Sectigo: Reseller ZeroSSL and Private Key Generation

Categories

(CA Program :: CA Certificate Compliance, task)

Product:
CA Program
Component:
CA Certificate Compliance
Type:
task

Tracking

(Not tracked)

Status:
RESOLVED INVALID

People

(Reporter: bwilson, Assigned: bwilson)

Details

(Whiteboard: [ca-compliance])

Attachments

(1 file)

Capture2.PNG
21.96 KB, image/png
Details

This issue is being branched off for further discussion from Bugzilla #1698936.

Sectigo reseller ZeroSSL states that Subscriber private keys are generated and stored as follows: https://help.zerossl.com/hc/en-us/articles/360060119993-Security-Insights

Security Insights

November 30, 2020 09:38

At ZeroSSL, security on our platform and on the web, in general, are two of our top priorities.

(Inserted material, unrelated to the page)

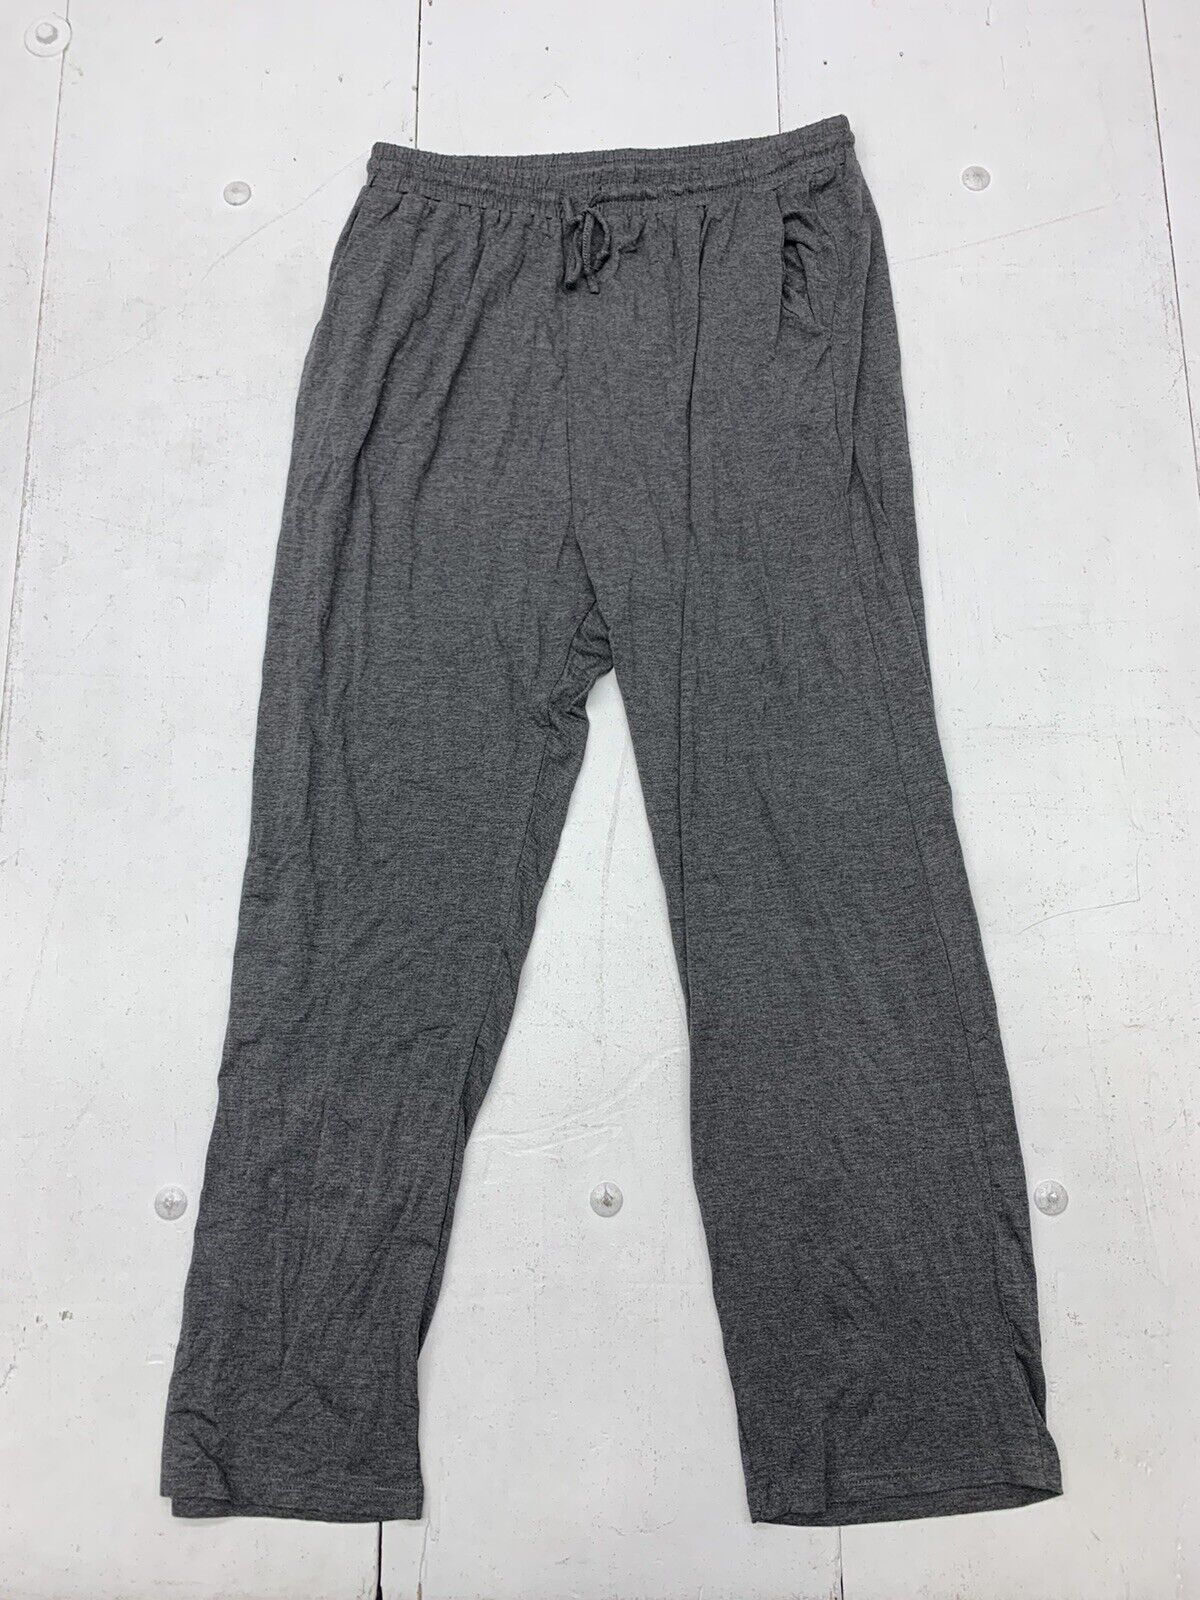 Unbranded Womens Dark Grey Pajama Pants Size XL - beyond exchange

Our team has worked long and hard in order to come up with an SSL certificate workflow that provides both a high level of security, as well as the highest possible level of usability and convenience for our customers.

CSR and Private Keys

One of the reasons creating, renewing, and managing SSL certificates using ZeroSSL is as easy as skipping through a few buttons is a secure system where the certificate key pair (consisting of CSR/public key and private key) is generated on the client-side rather than on the server-side.

Private keys are confidential and can never be stored on any server other than our customer's server in a decrypted format, which is why our system is making use of a unique encryption method, which ensures that functional private keys can only ever be retrieved by our customers when logged in to their ZeroSSL account.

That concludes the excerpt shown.